SPUC steps up outreach to women patients as health department contradicts itself on abortion

SPUC is intensifying its campaign to inform women-patients and their doctors about the dangers of abortion, in response to a government proposal to increase access to abortion.

The Department of Health's white paper, “Healthy Lives, Healthy People” (pictured), published today, proposes “easy access” to abortion (section 3.43):
“We will work towards an integrated model of service delivery to allow easy access to confidential, non-judgemental sexual health services (including for sexually transmitted infections, contraception, abortion, health promotion and prevention)."

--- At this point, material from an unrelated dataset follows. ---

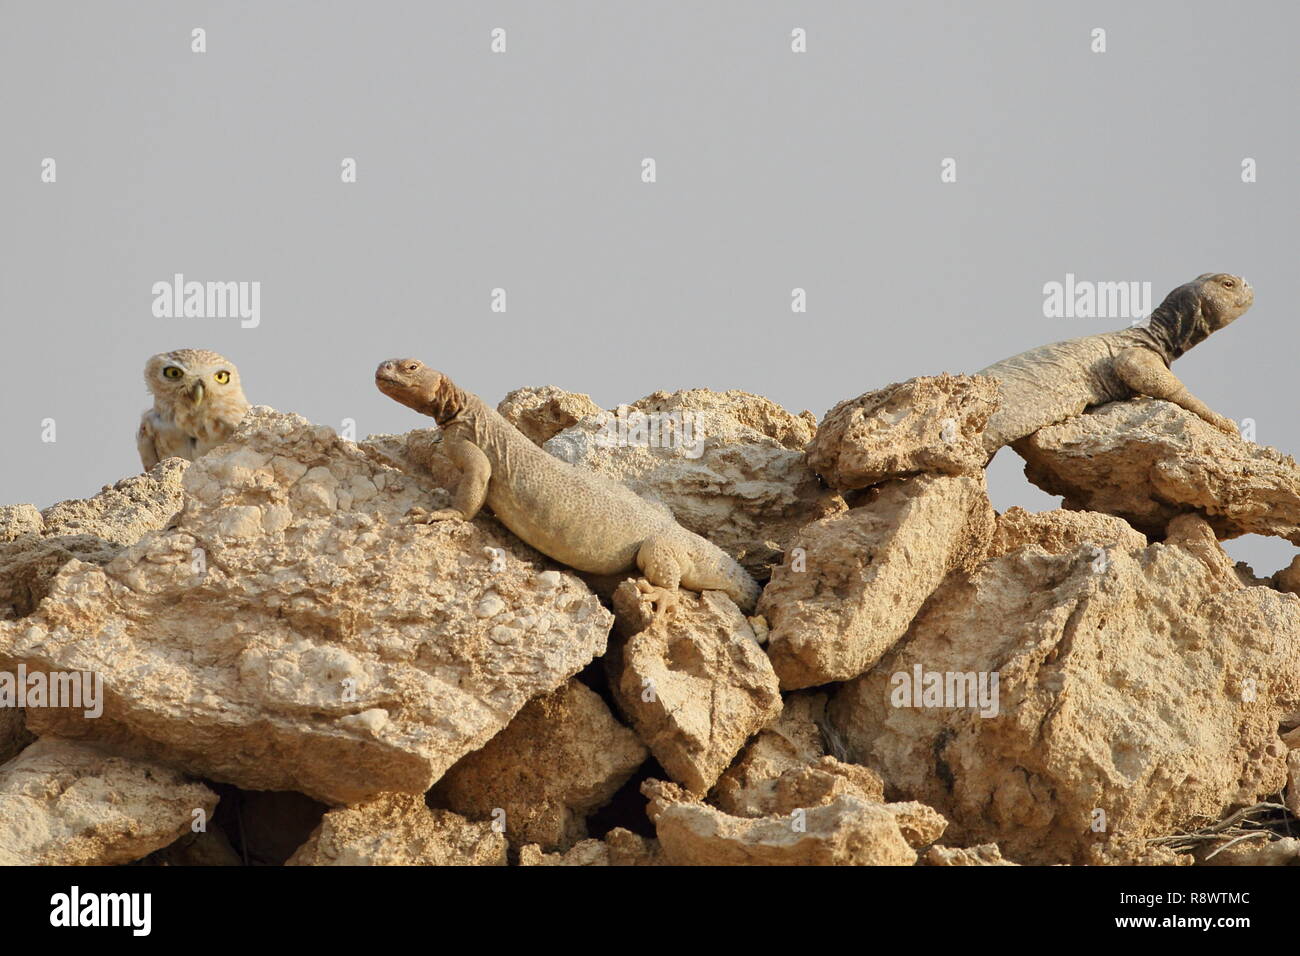 Vista rara de un pequeño búho alojamiento compartido con los lagartos de cola espinosa en montón de rocas en el desierto de Arabia. Foto de stock

The proposal contradicts last month's claim (House of Commons, 2 Nov) made by Anne Milton, the public health minister, that:
"For me and for the Government, reducing the abortion rate is an absolute priority"
Paul Tully, SPUC’s general secretary, told the media this afternoon:
"Easy access to abortion will mean high abortion rates and consequent damage to women’s health and happiness. The previous government’s teenage pregnancy strategy, which promoted easy access to abortion and contraception, saw an increase of 2,000 abortions a year in England and Wales among teenagers. It is time for something different.”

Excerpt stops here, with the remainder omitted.